▶ PROMPT
Restate the data word for word. Leave the pictures out.

▶ DATA BLOCK
=== Begin Enclosure ===

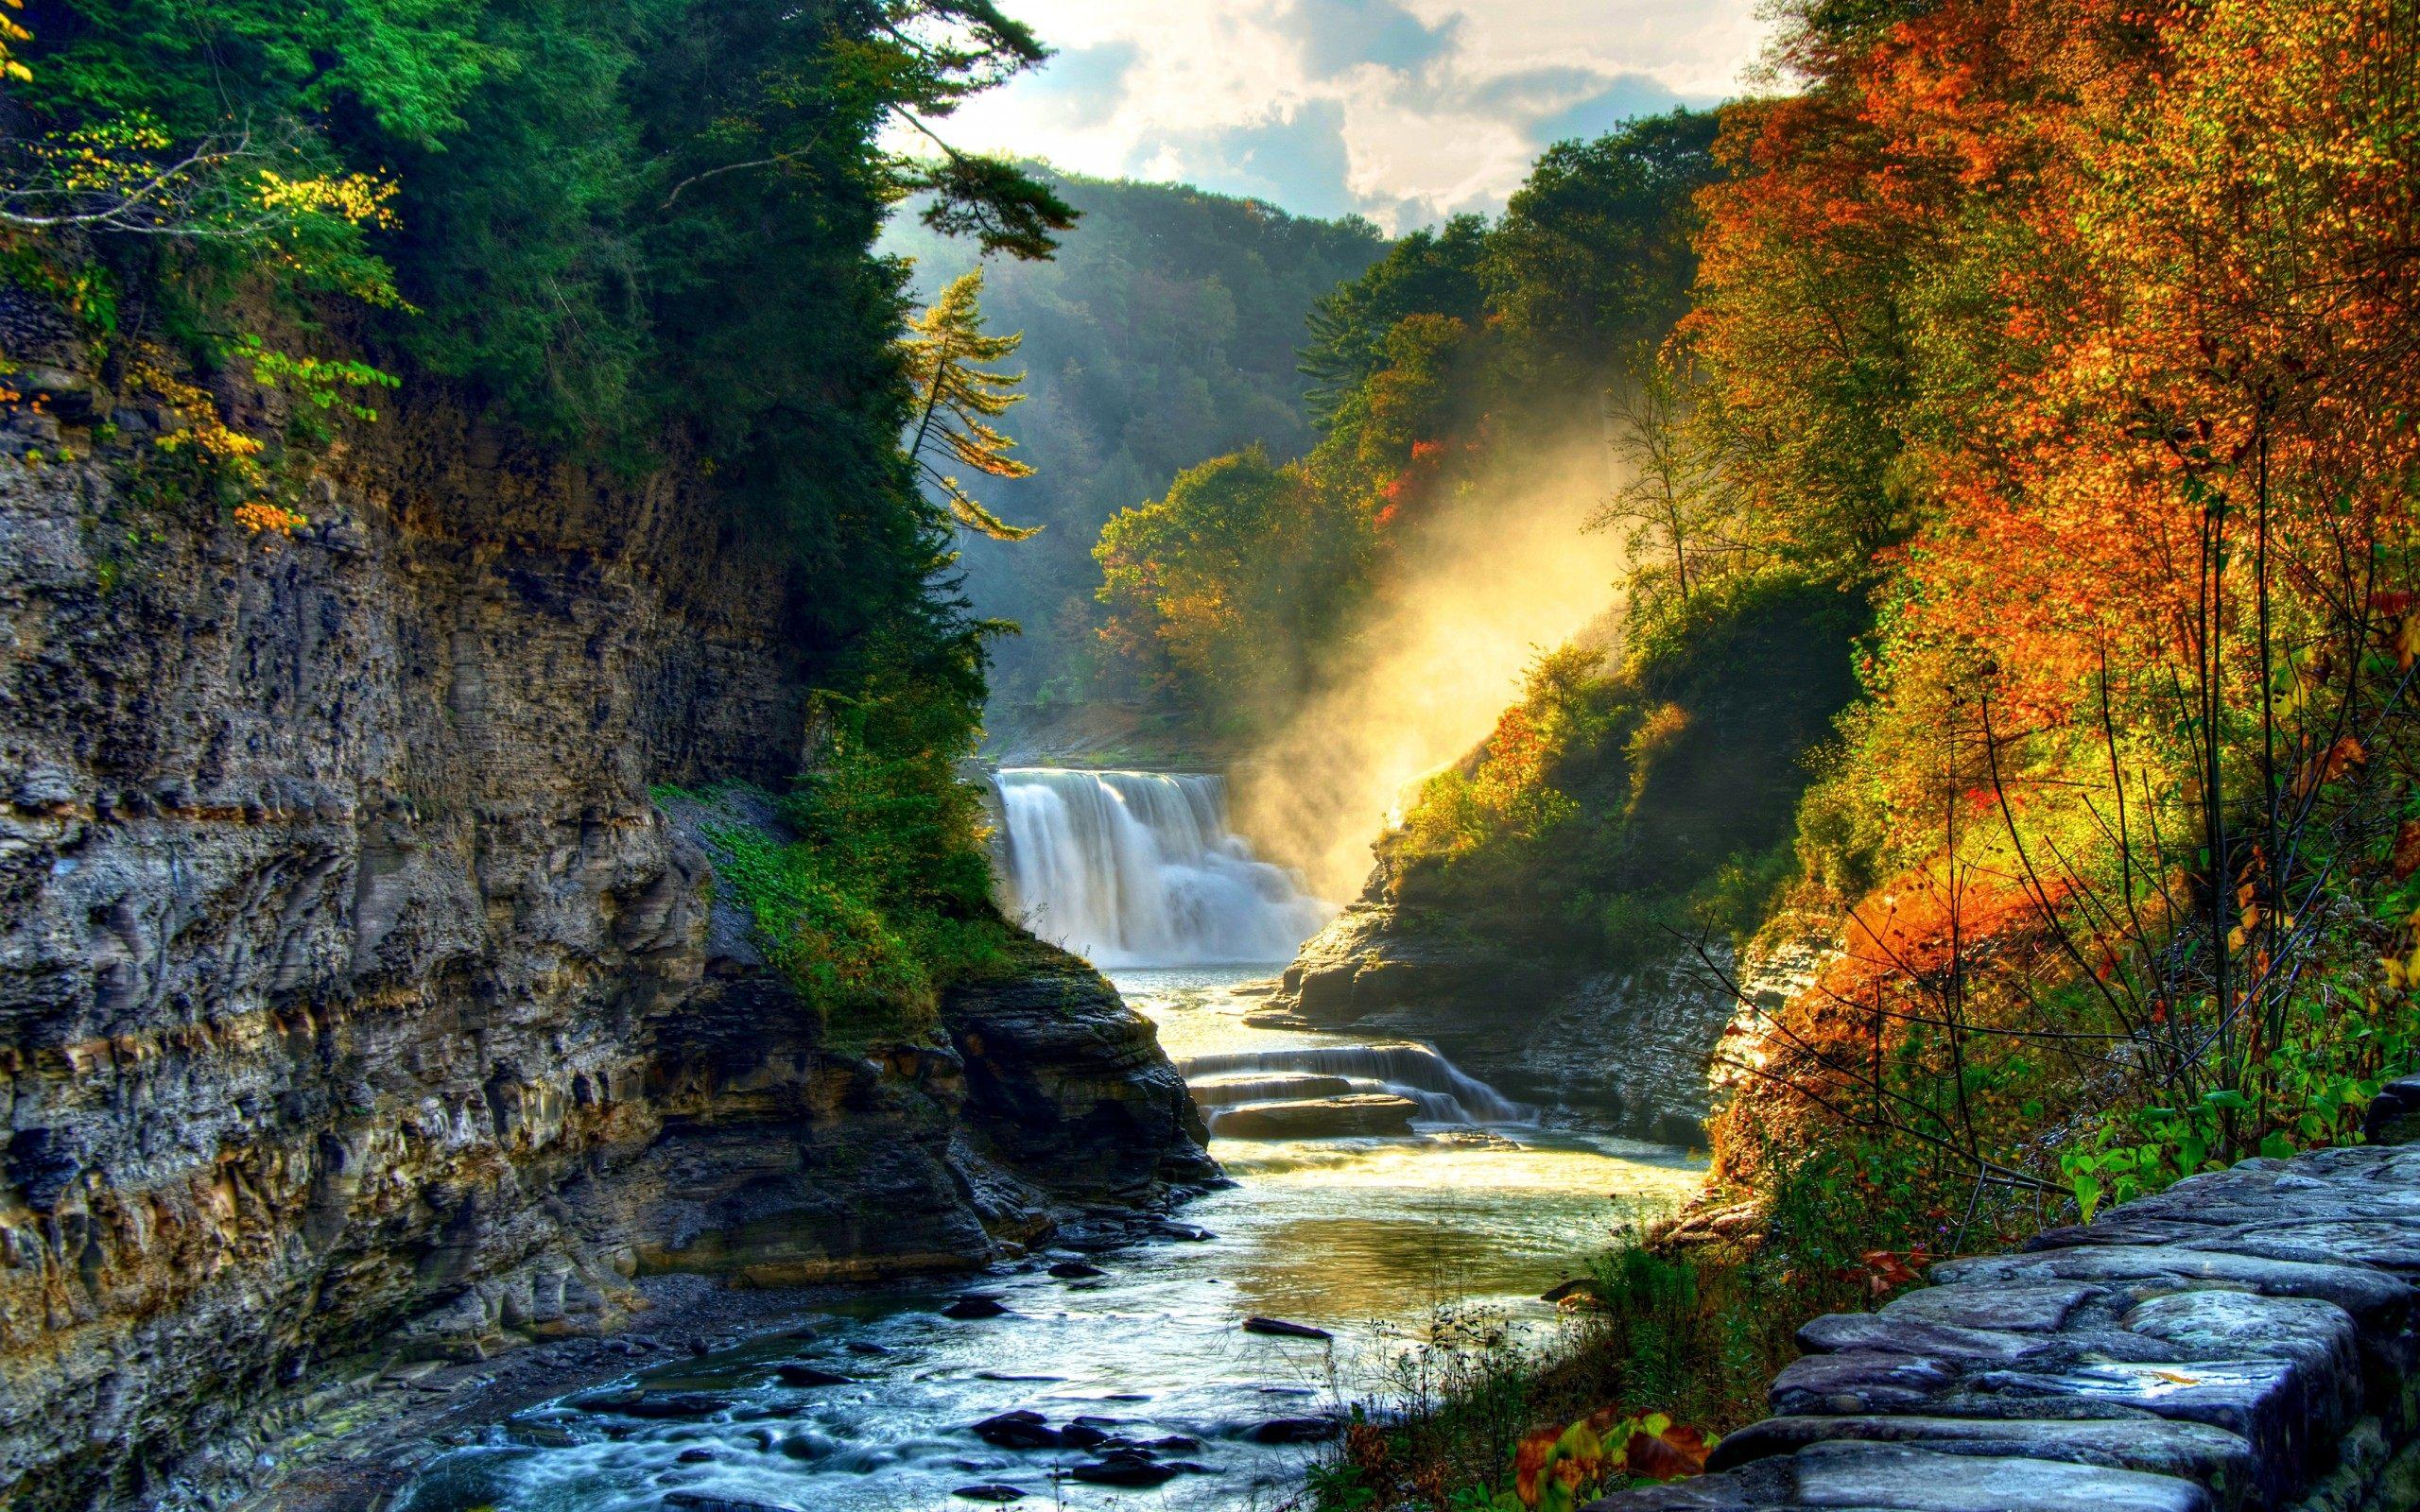 Waterfall Backgrounds Free
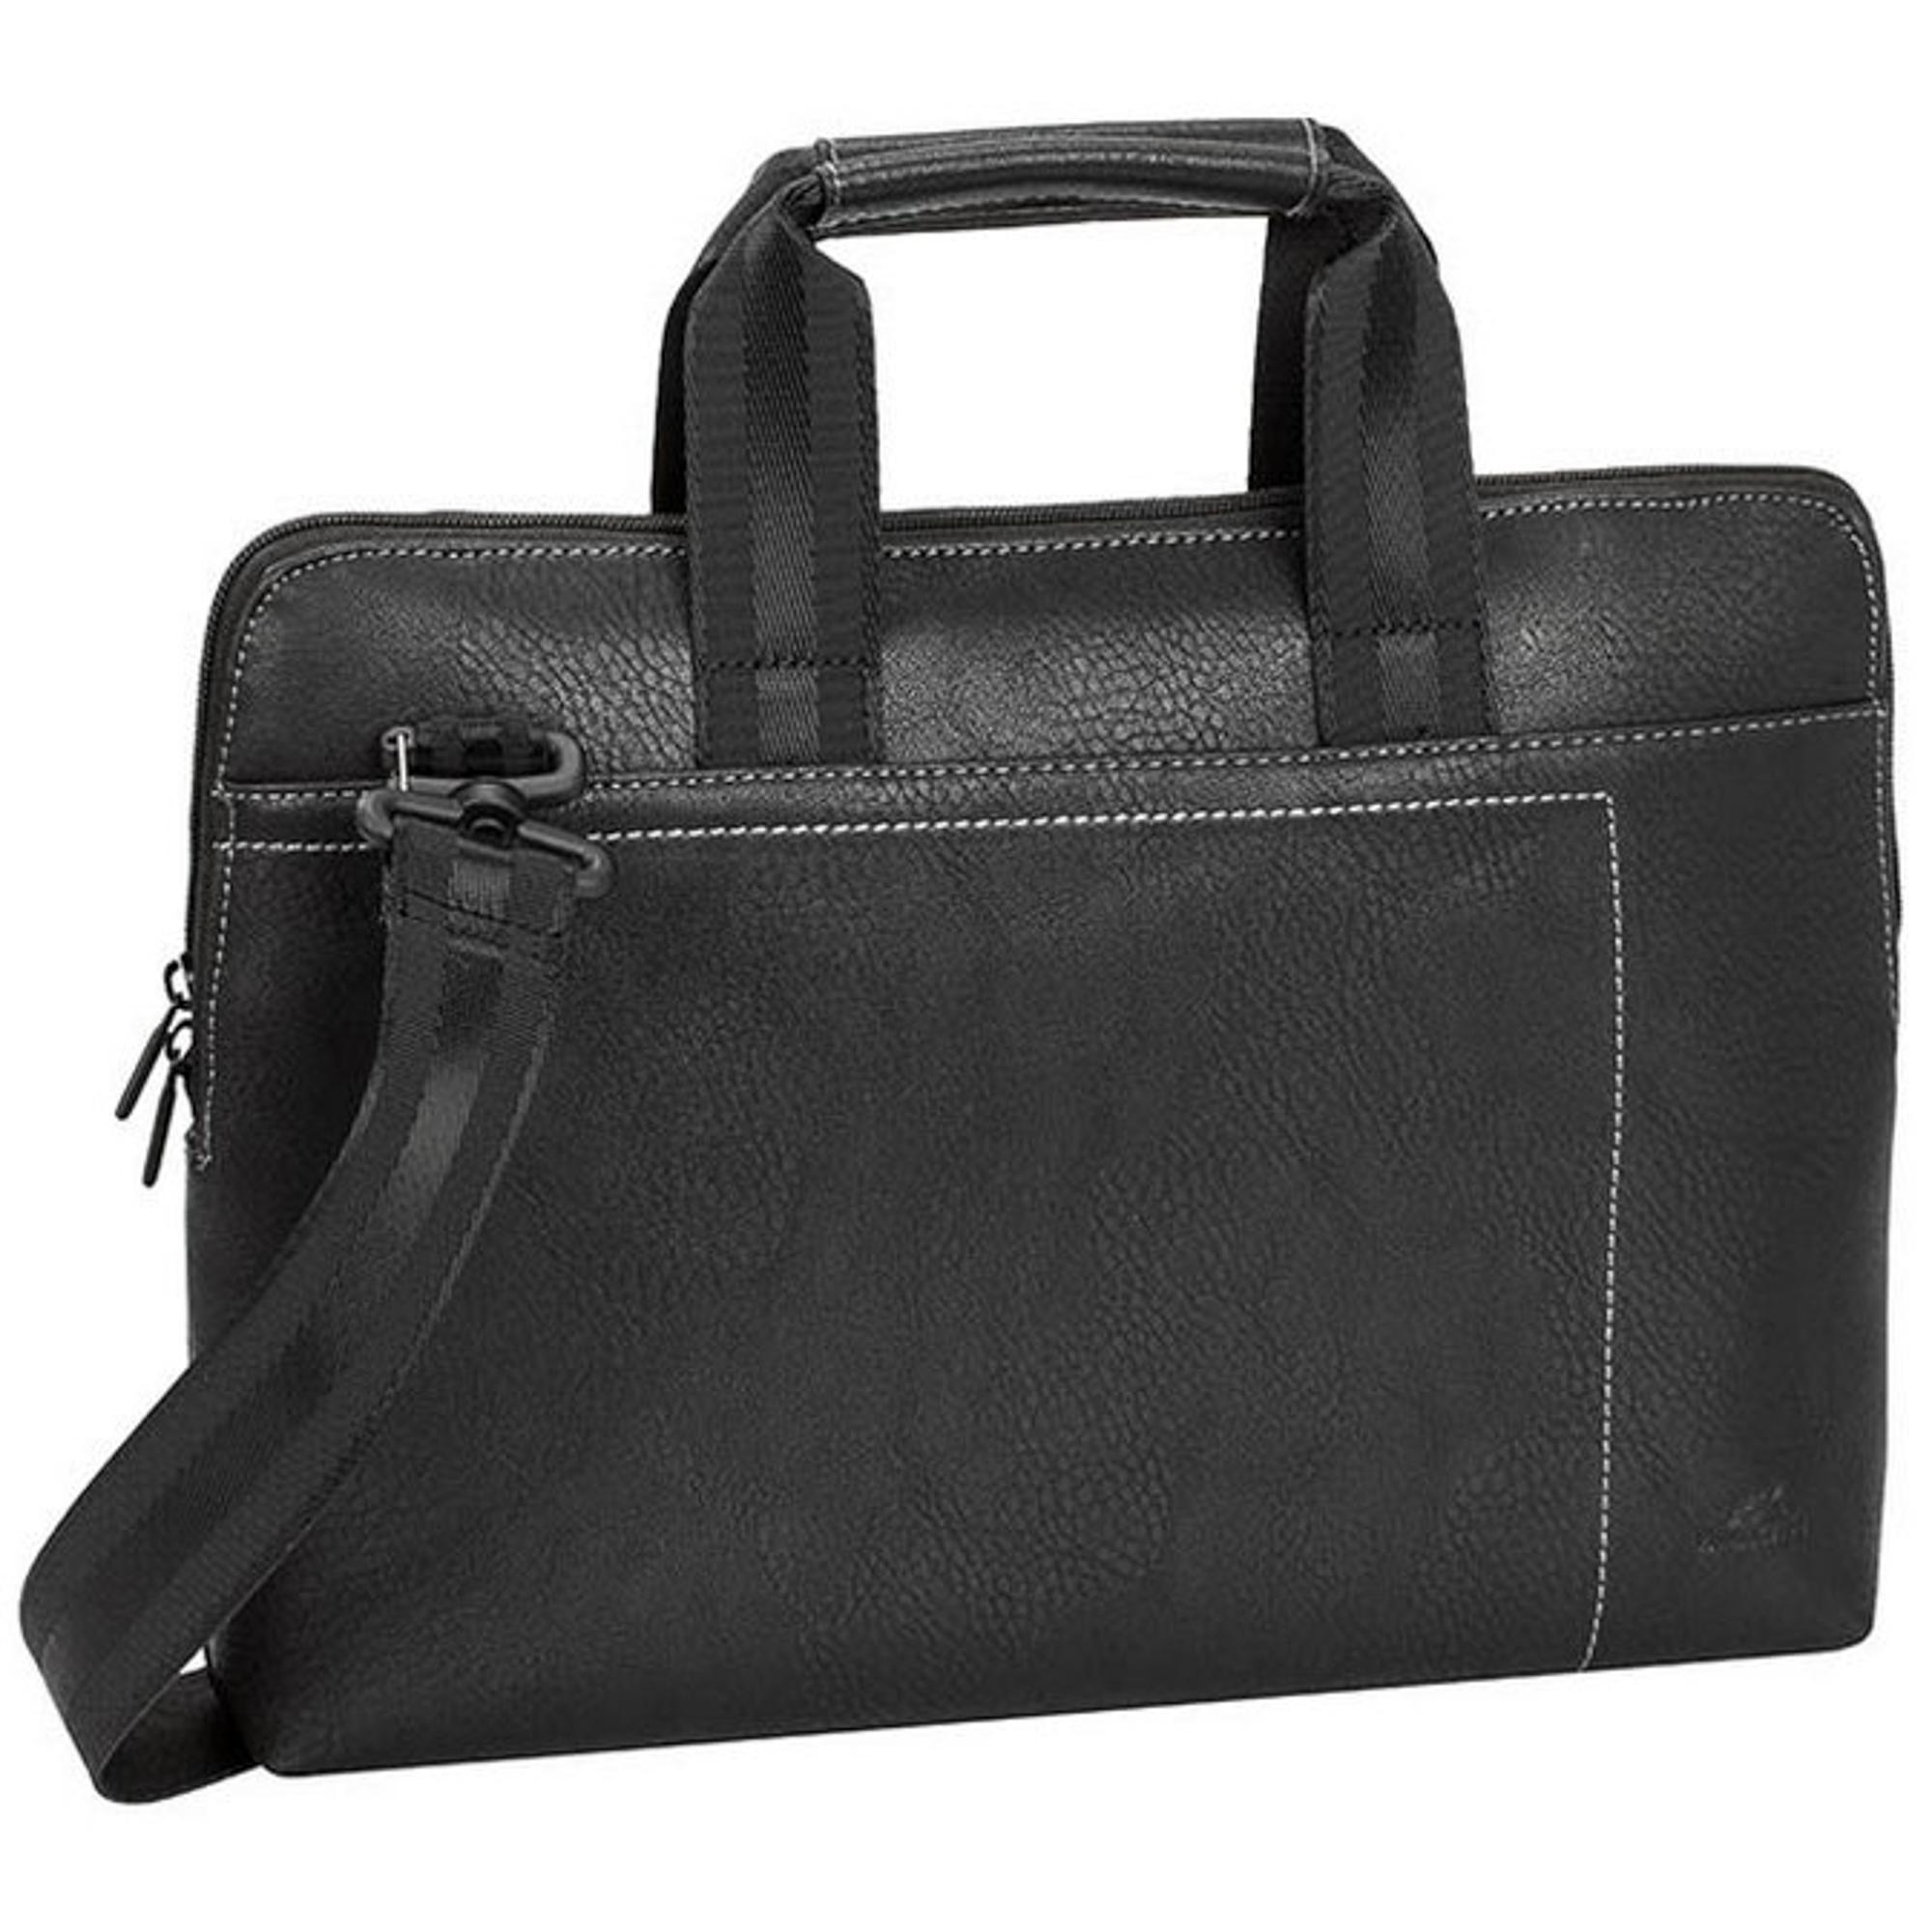 сумка для ноутбука rivacase 8920 13 3 black Сумка для ноутбука RIVACASE 8920 Black
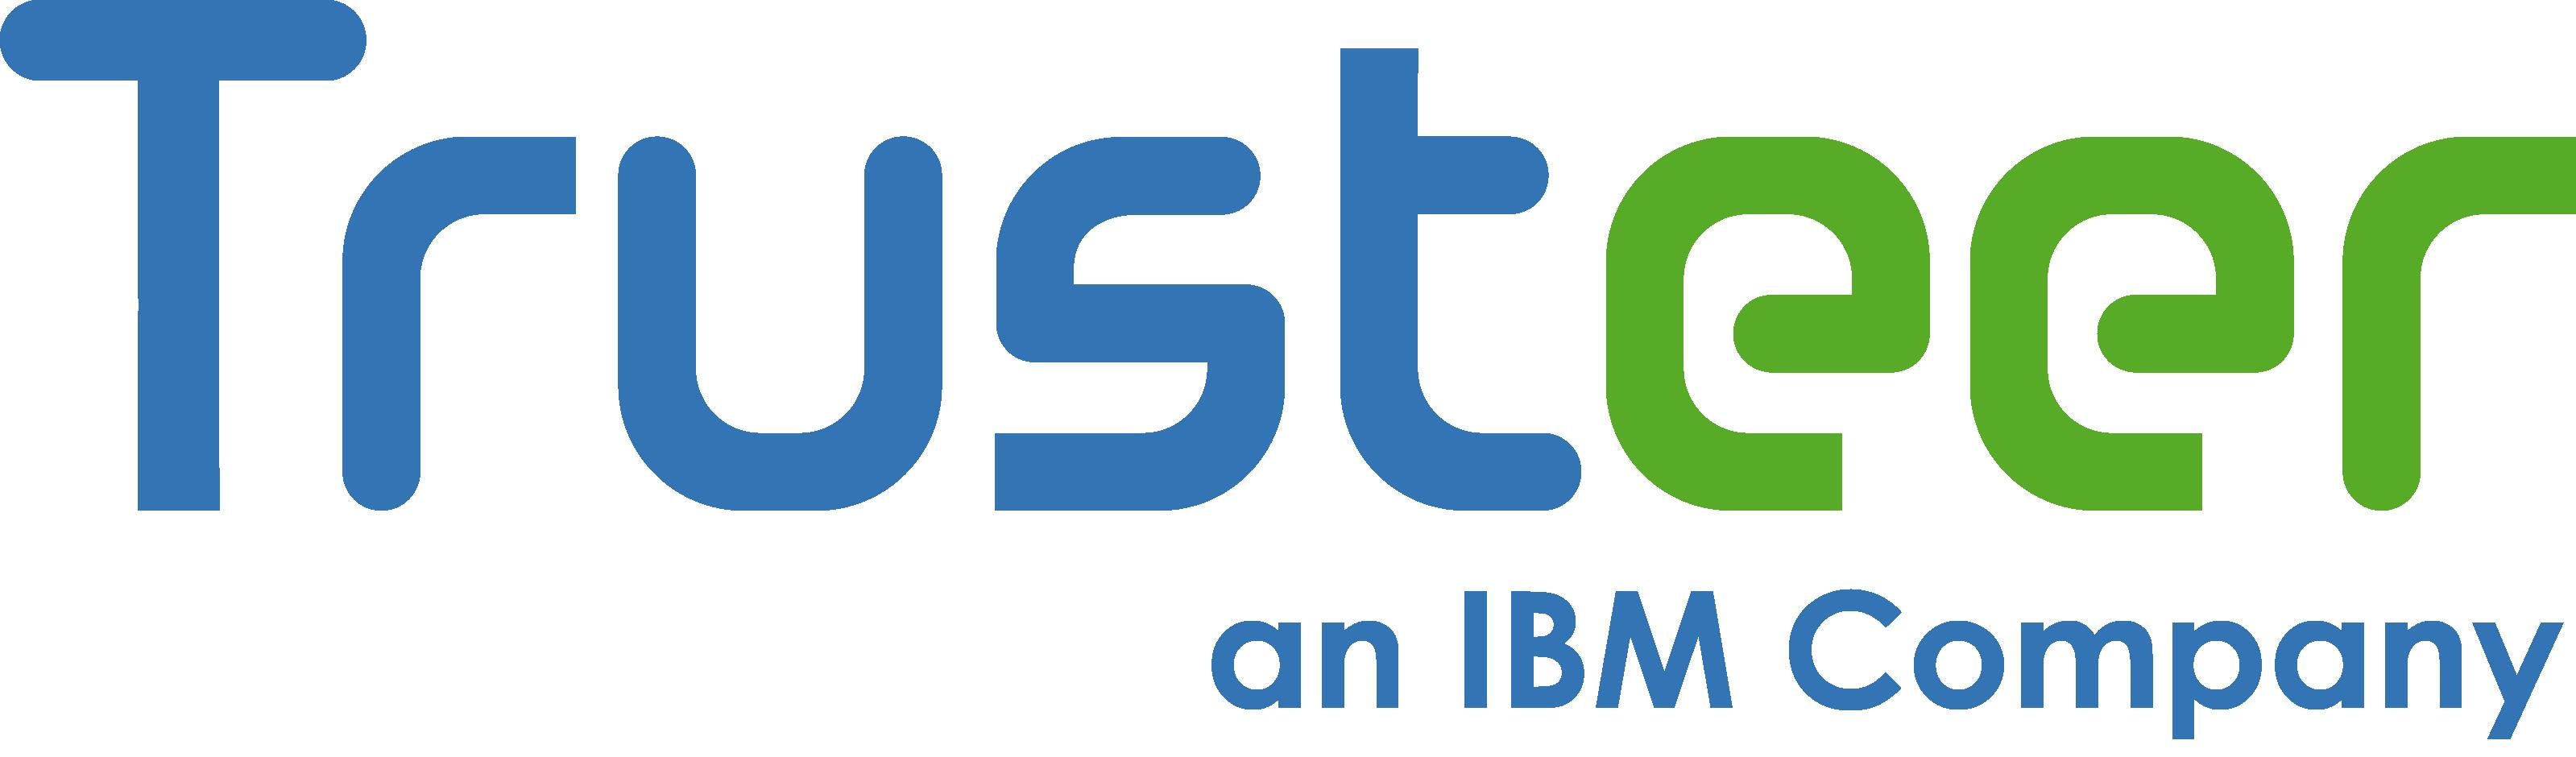 File:Trusteer anIBMcompany Logo.png - Wikipedia, the free encyclopedia

=== End Enclosure ===

▶ RESULT FOR THIS EXERCISE
 Waterfall Backgrounds Free
 сумка для ноутбука rivacase 8920 13 3 black Сумка для ноутбука RIVACASE 8920 Black
 File:Trusteer anIBMcompany Logo.png - Wikipedia, the free encyclopedia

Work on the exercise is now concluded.